It has since emerged one of the au pairs, Italian nanny Michela Marchisio, was planning to work for Mr Dutton’s former colleague in the Queensland Police.
Mr Dutton also overruled his own department when he allowed in another au pair from France who was working for the cousin of AFL boss Gillon McLachlan.
Greens MP Adam Bandt said he would move a motion of no confidence in the Home Affairs Minister next week.
“Peter Dutton has failed to explain why he misled Parliament and now he must go,” Mr Bandt said.
Opposition immigration spokesman Shayne Neumann said Mr Dutton had been given the opportunity explain himself and it appeared he mislead parliament.

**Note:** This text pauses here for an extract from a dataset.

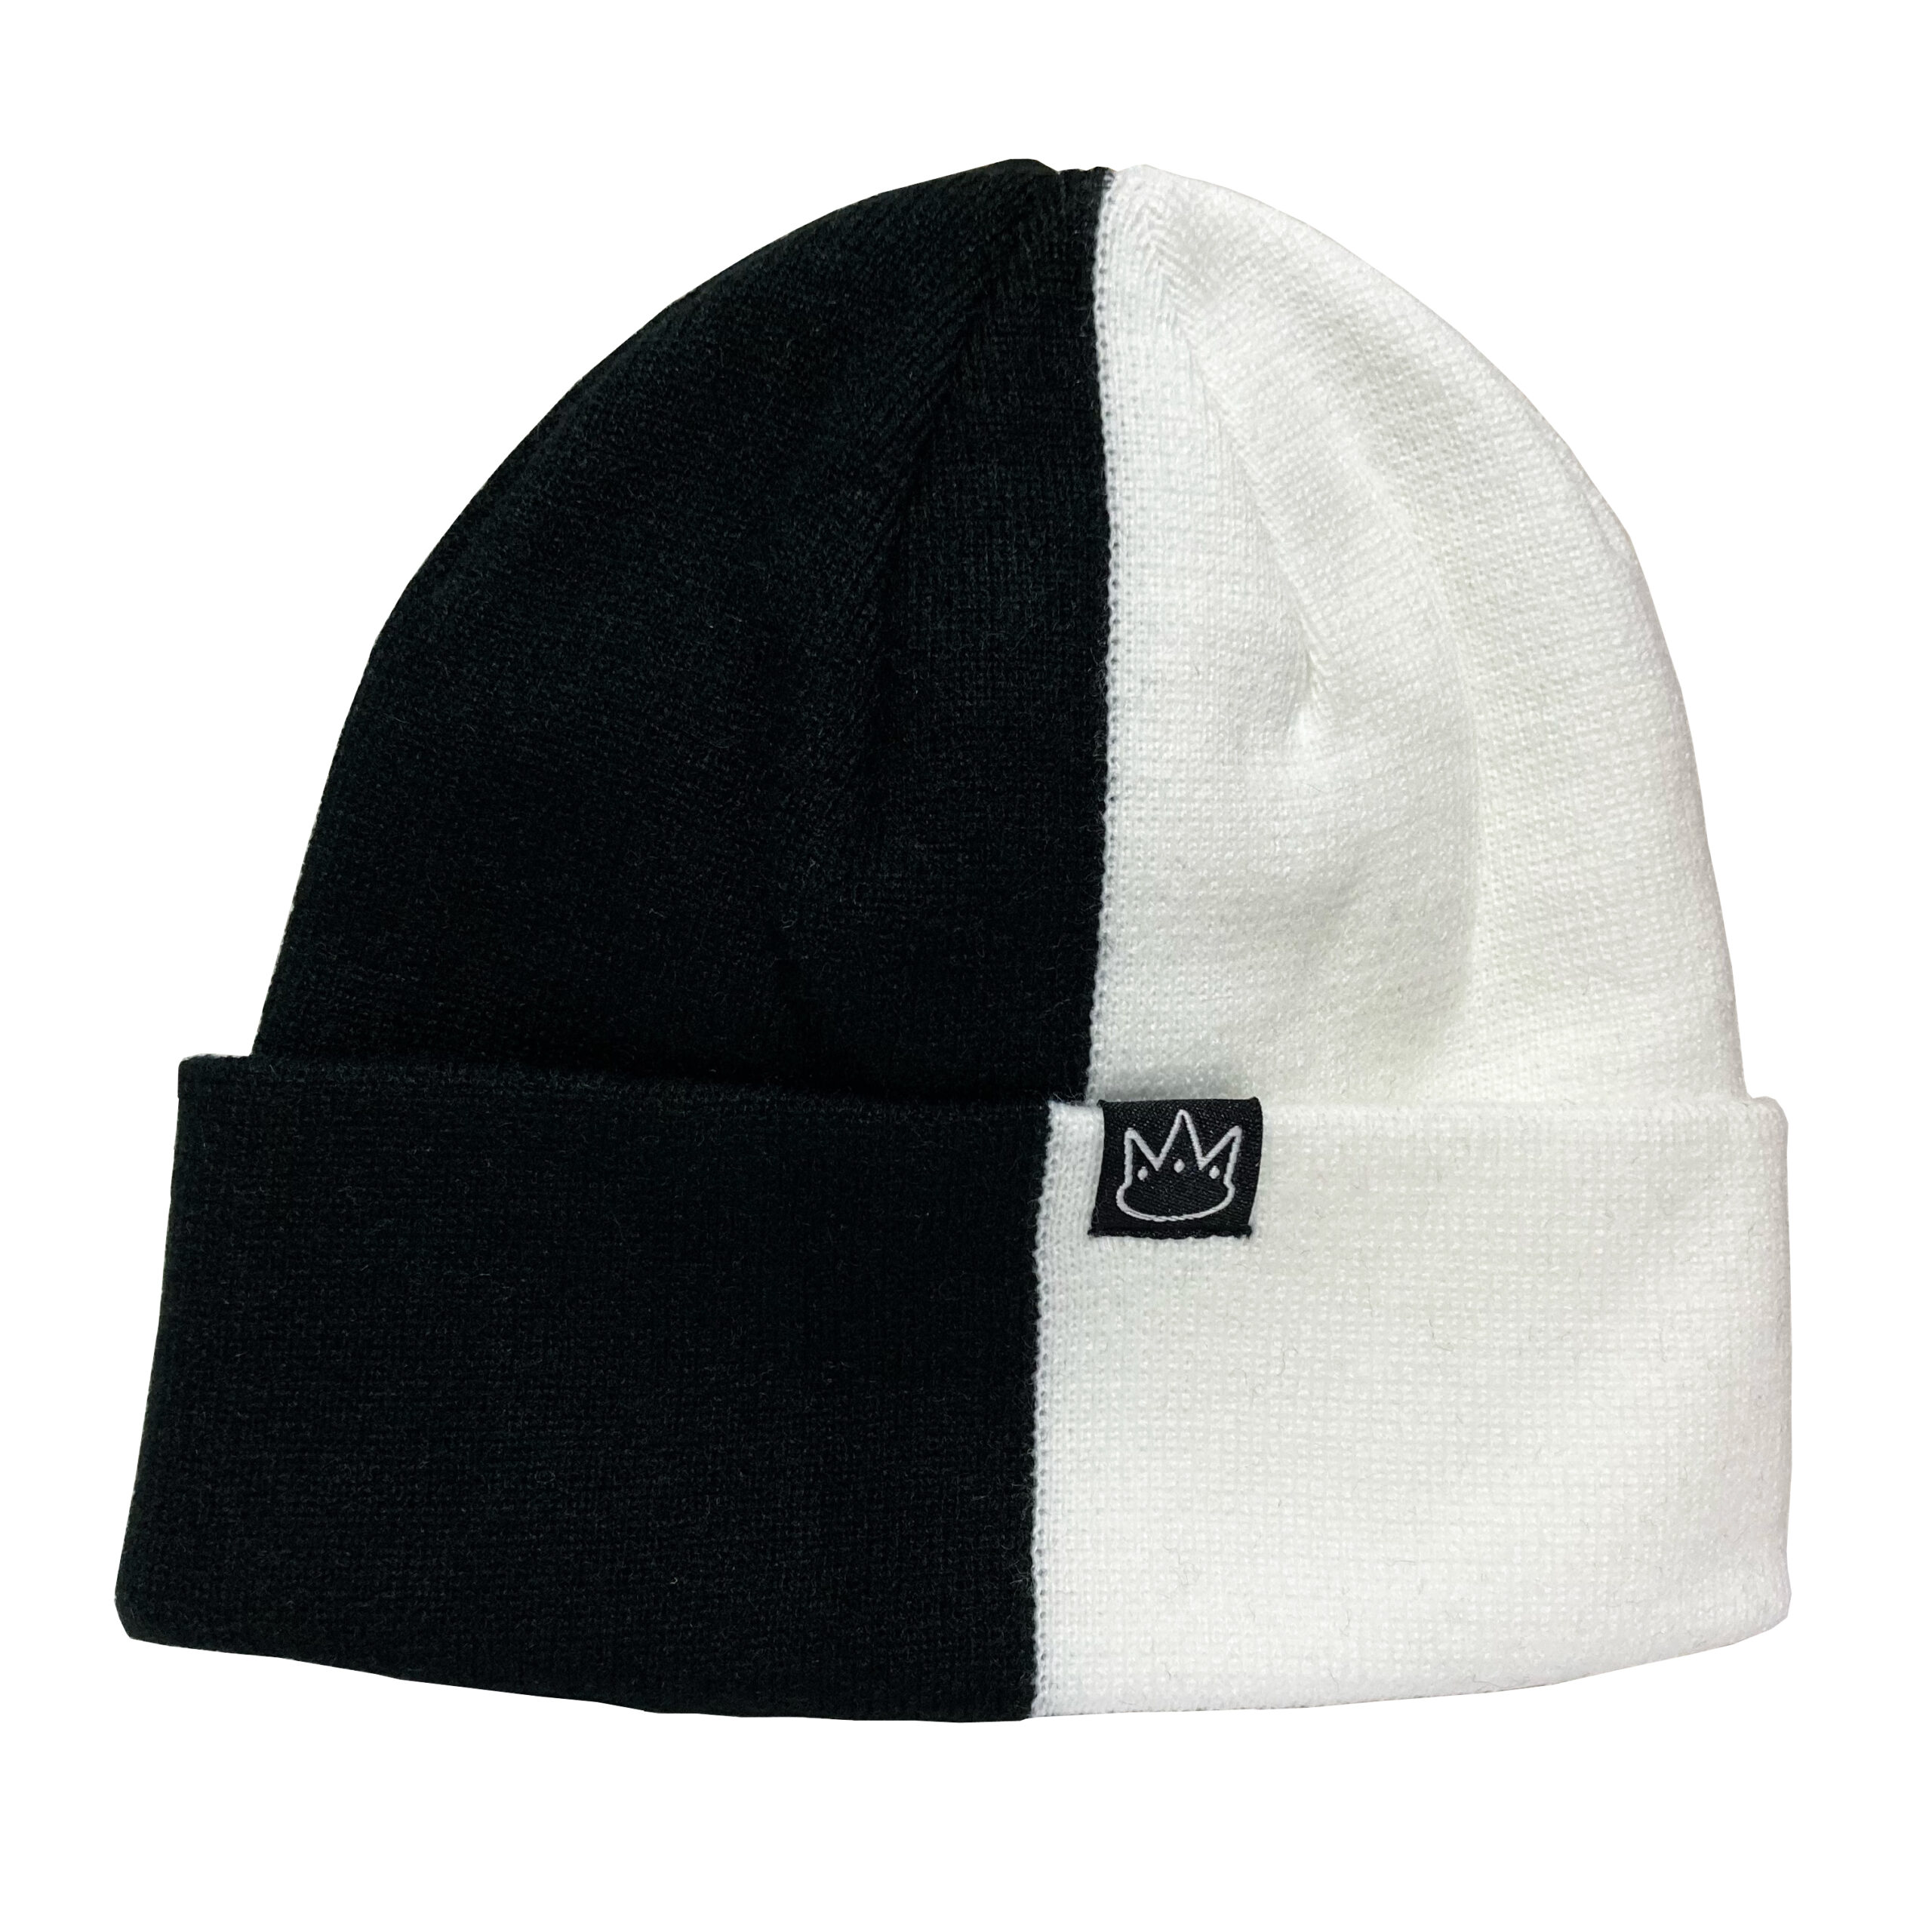 half black white beanie hat cap

“For these reasons Labor will be supporting this motion — if the Greens political party hadn’t sought to move this motion, Labor would have moved it,” Mr Neumann said.

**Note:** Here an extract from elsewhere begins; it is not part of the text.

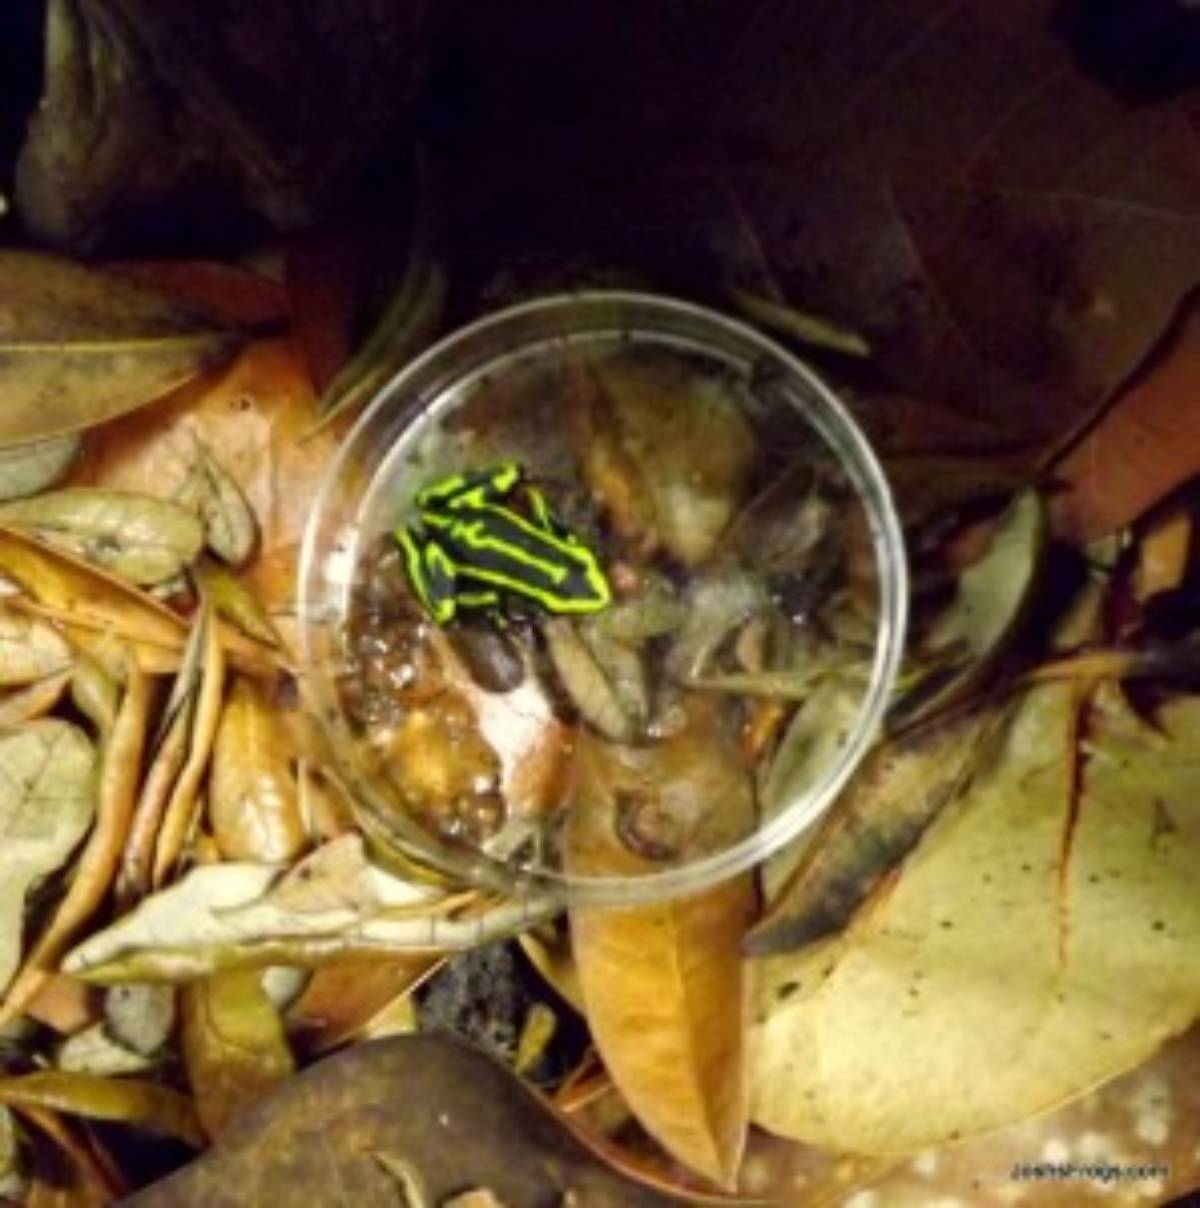 Epipedobates trivittatus; three striped poison frog

It is rare for a motion of no confidence to be moved against a minister, as it is usually used against the government or prime minister.
In response to a question in parliament asking whether he could “categorically rule out any personal connection or any other relationship” with employers of the au pairs, Mr Dutton said “yes”.

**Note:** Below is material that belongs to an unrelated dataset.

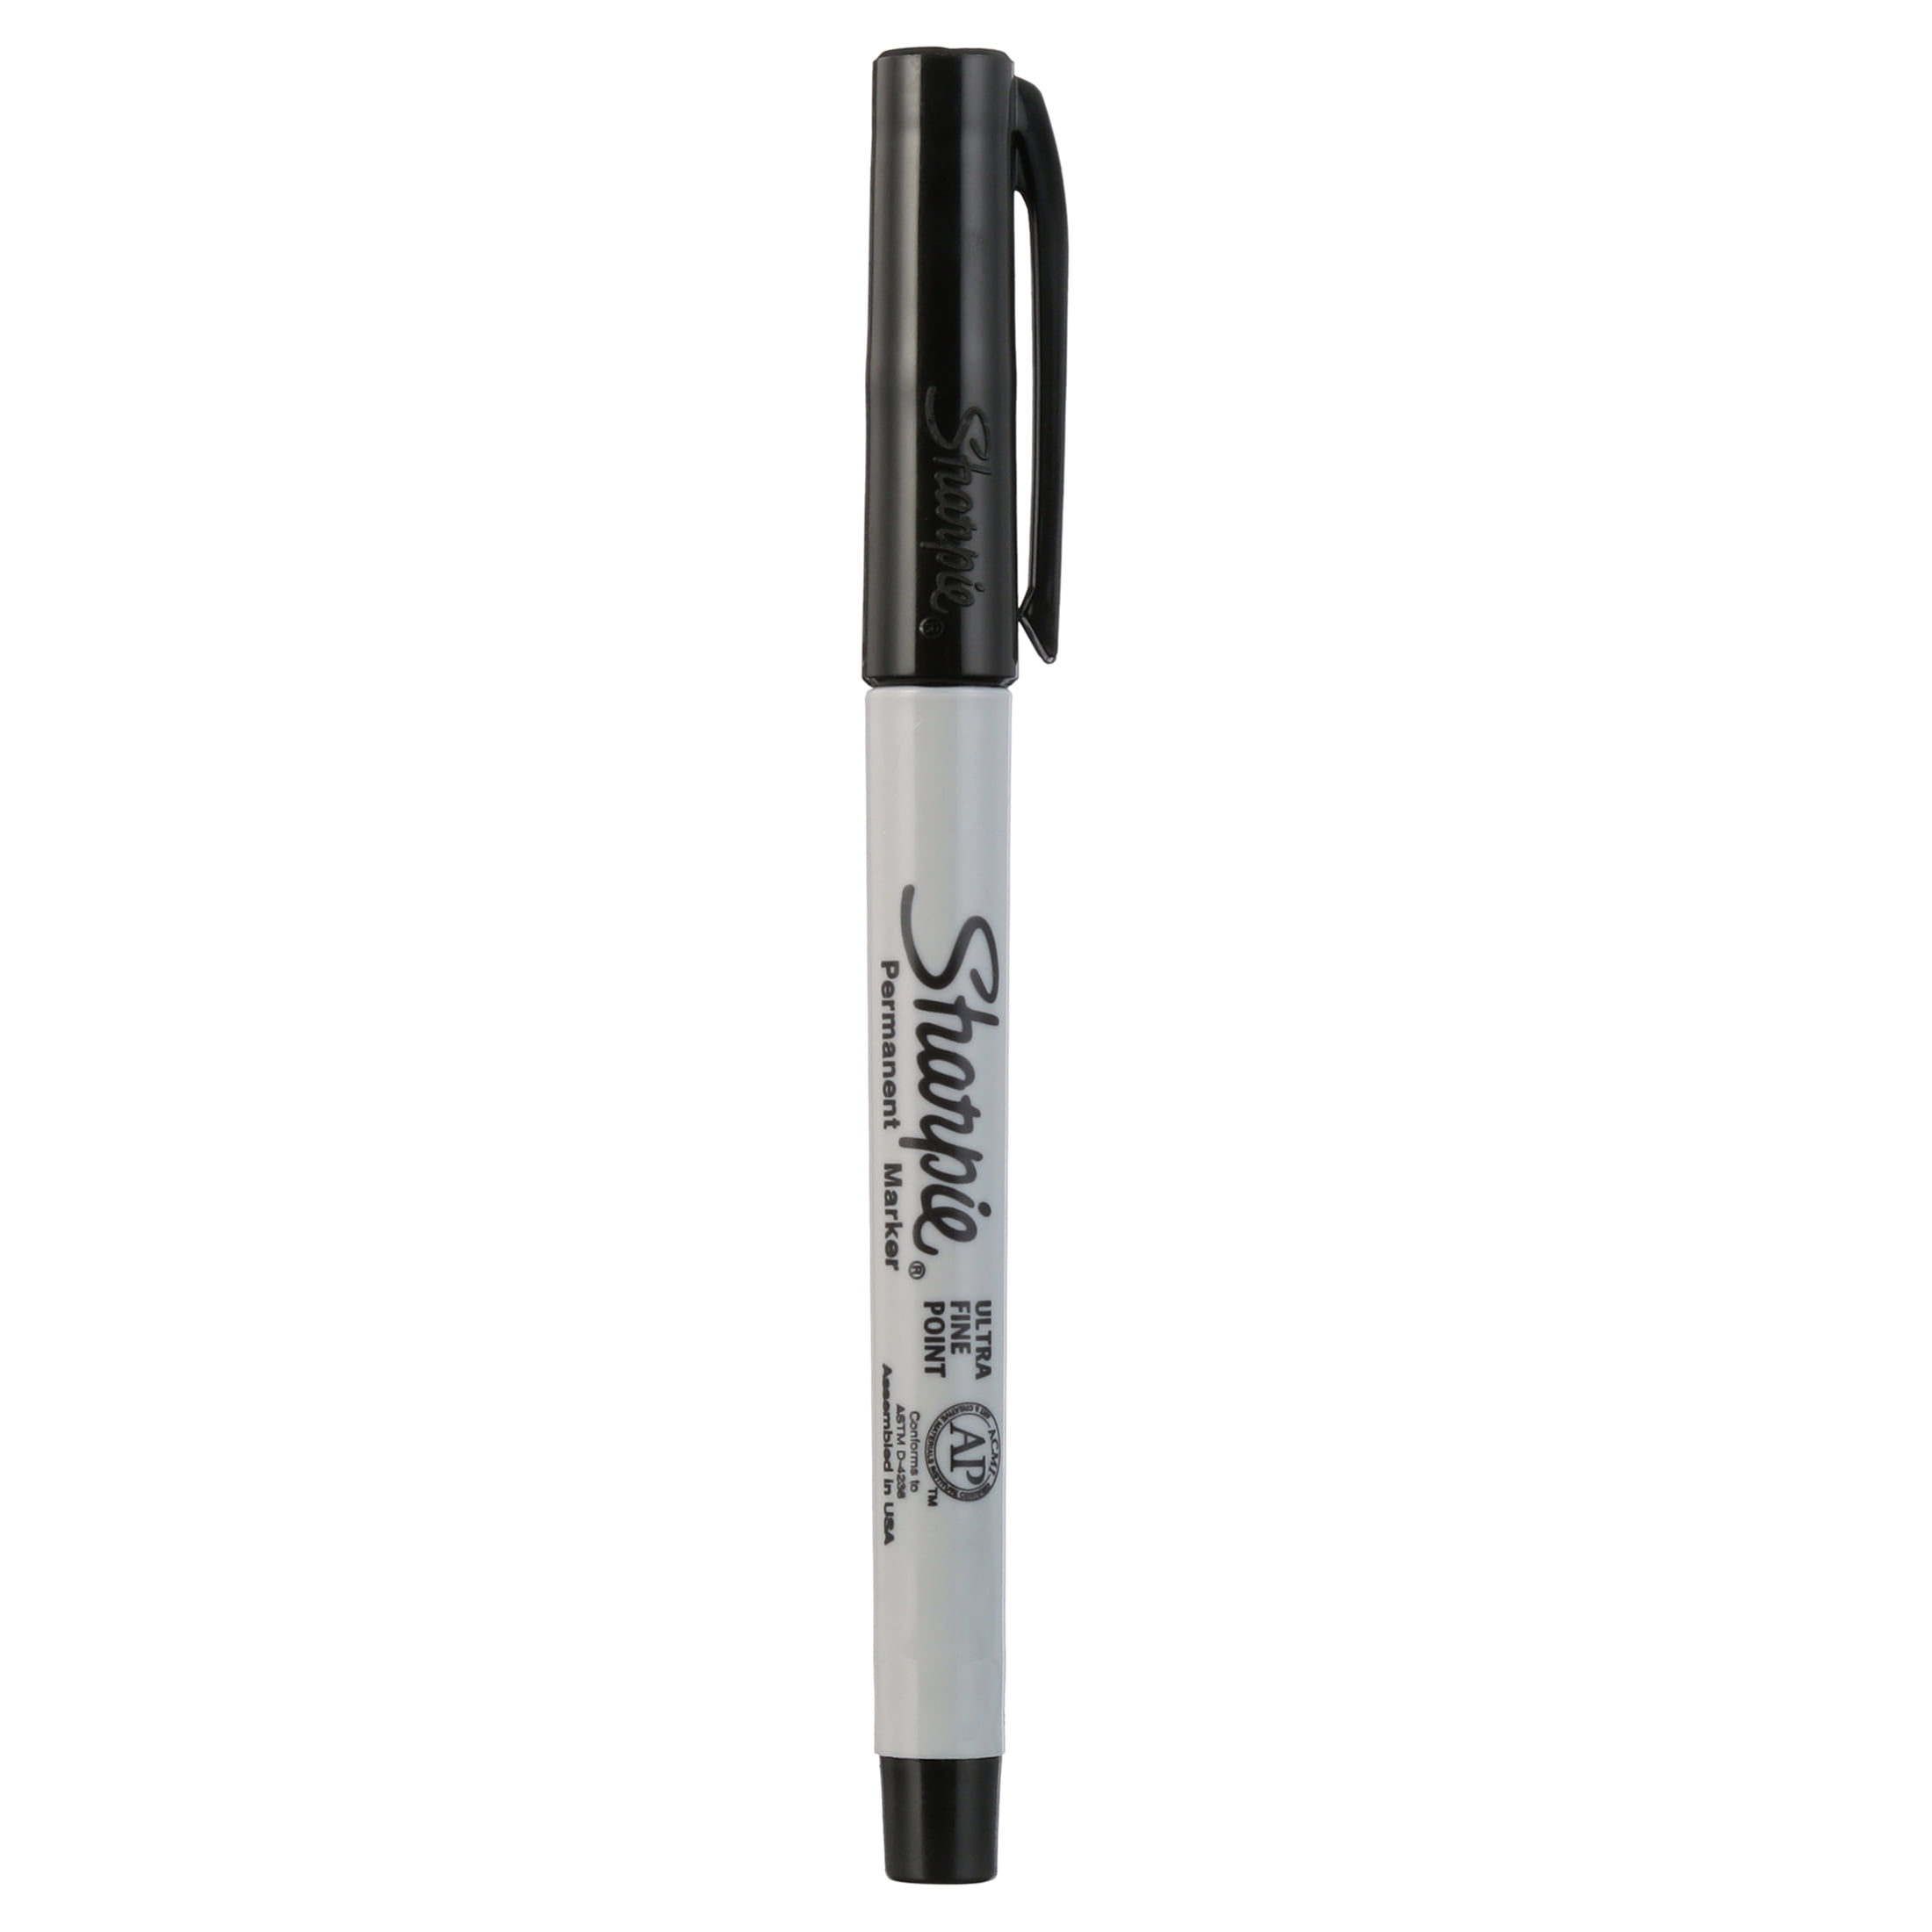 Sharpie Permanent Markers Ultra Fine Tip Black (37121) 593980

The minister yesterday confirmed one of the people he helped was a former police colleague, but he stood behind his statements to parliament “100 per cent”.
“Mr Dutton is confident, to the best of his knowledge, he has never met Callum Maclachlan (Gillon’s second-cousin) nor has he socialised, met with or had contact with Russell Keag in almost 20 years,” a spokeswoman for Mr Dutton said.
All six crossbenchers would need to support the motion to pass.
Independent Cathy McGowan has already said she would not be supporting any more votes of no confidence against the government until Mr Turnbull was replaced in his seat of Wentworth.